In my experience Gemini 3.0 pro is noticeably better than chatgpt 5.2 for non-coding tasks. The latter gives me blatantly wrong information all the time, the former very rarely.

  • I agree and it has been my almost exclusive go to ever since Gemini 3 Pro came out in November.

    In my opinion Google isn't as far behind in coding as comments here would suggest. With Fast, it might already have edited 5 files before Claude Sonnet finished processing your prompt.

    There is a lot of potential here, and with Antigravity as well as Gemini CLI - I did not test that one - they are working on capitalizing on it.

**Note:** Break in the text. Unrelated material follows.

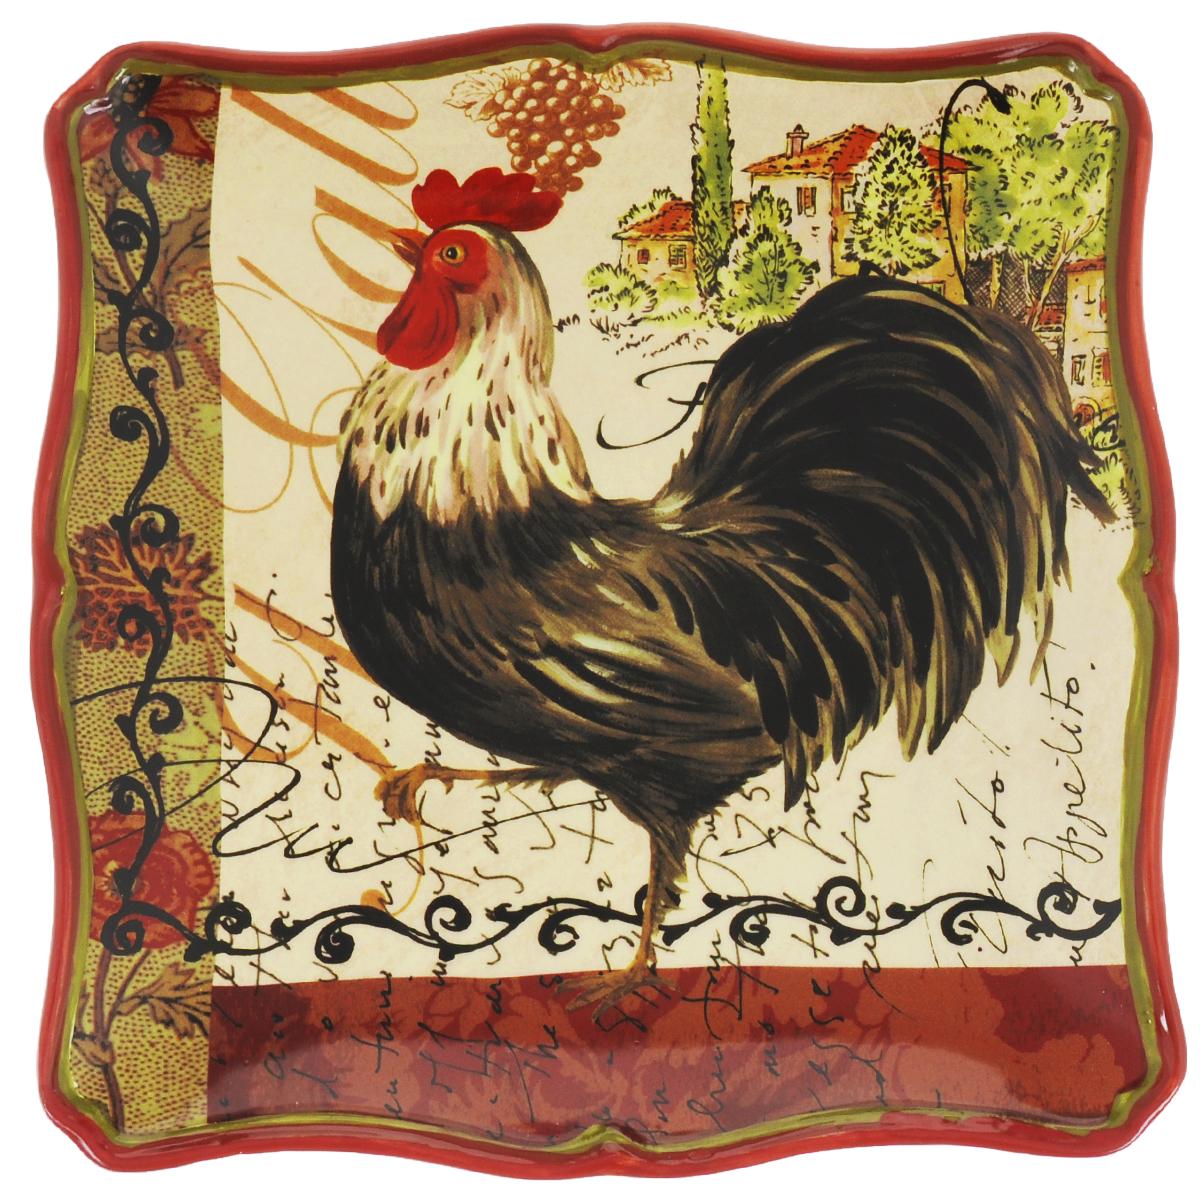 Тарелка десертная Certified International Тосканский петух, цвет: красный, черный, 22 х 22 см63201_красный,черныйДесертная тарелка Certified International Тосканский петух выполнена из керамики. Изделие отличается практичностью и высоким качеством исполнения. Тарелка расписана вручную и покрыта глазурью. Она прекрасно впишется в интерьер вашей кухни и станет достойным дополнением к кухонному инвентарю. Такая тарелка не только украсит ваш кухонный стол и подчеркнет прекрасный вкус хозяйки, но и станет отличным подарком. Размер тарелки: 22 х 22 см.
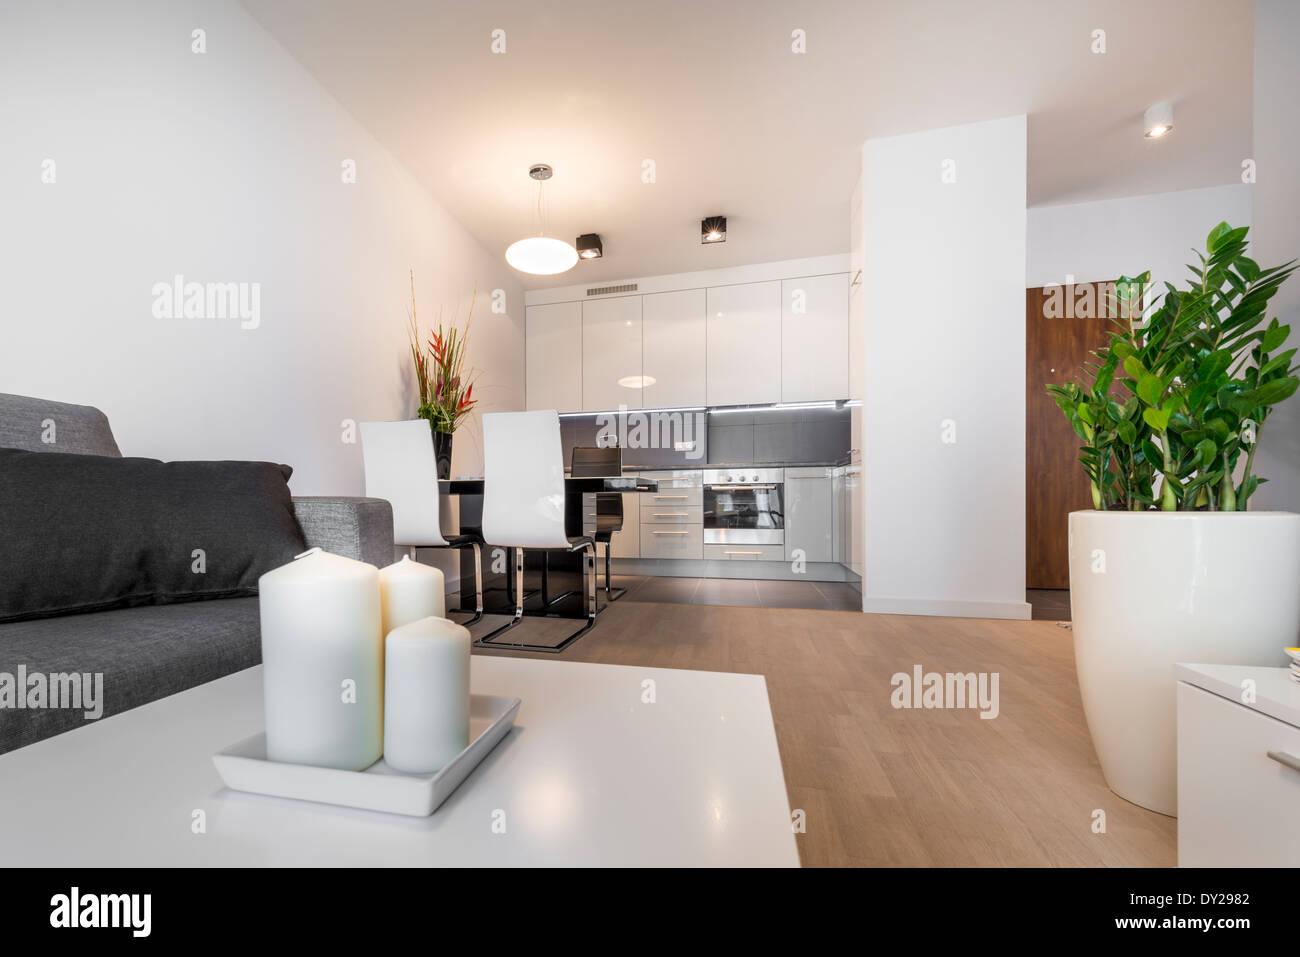 Moderne Luxus Wohnzimmer Interieurdesign mit Kerze Stockfoto ...

  • Strange that you say that because the general consensus (and my experience) seems to be the opposite, as well as the AA-Omniscience Hallucination Rate Benchmark which puts 3.0 Pro among the higher hallucinating models. 3.1 seems to be a noticeable improvement though.

    • Google actually has the BEST ratings in the AA-Omniscience Index: AA-Omniscience Index (higher is better) measures knowledge reliability and hallucination. It rewards correct answers, penalizes hallucinations, and has no penalty for refusing to answer.

      Gemini 3.1 is the top spot, followed by 3.0 and then opus 4.6 max

    • I can only speak to my own experience, but for the past couple of months I've been duplicating prompts across both for high value tasks, and that has been my consistent finding.

  • Google is good for answering questions but its writing is lacking. I’ve had to deal with Gemini slop and it’s worse than ChatGPT

Google is scoring one own goal after another by making people working with their own data wonder how much of that data is sent off to be used to train their AI on. Without proof to the contrary I'm going to go with 'everything'.

They should have made all of this opt-in instead of force-feeding it to their audience, which they wrongly believe to be captive.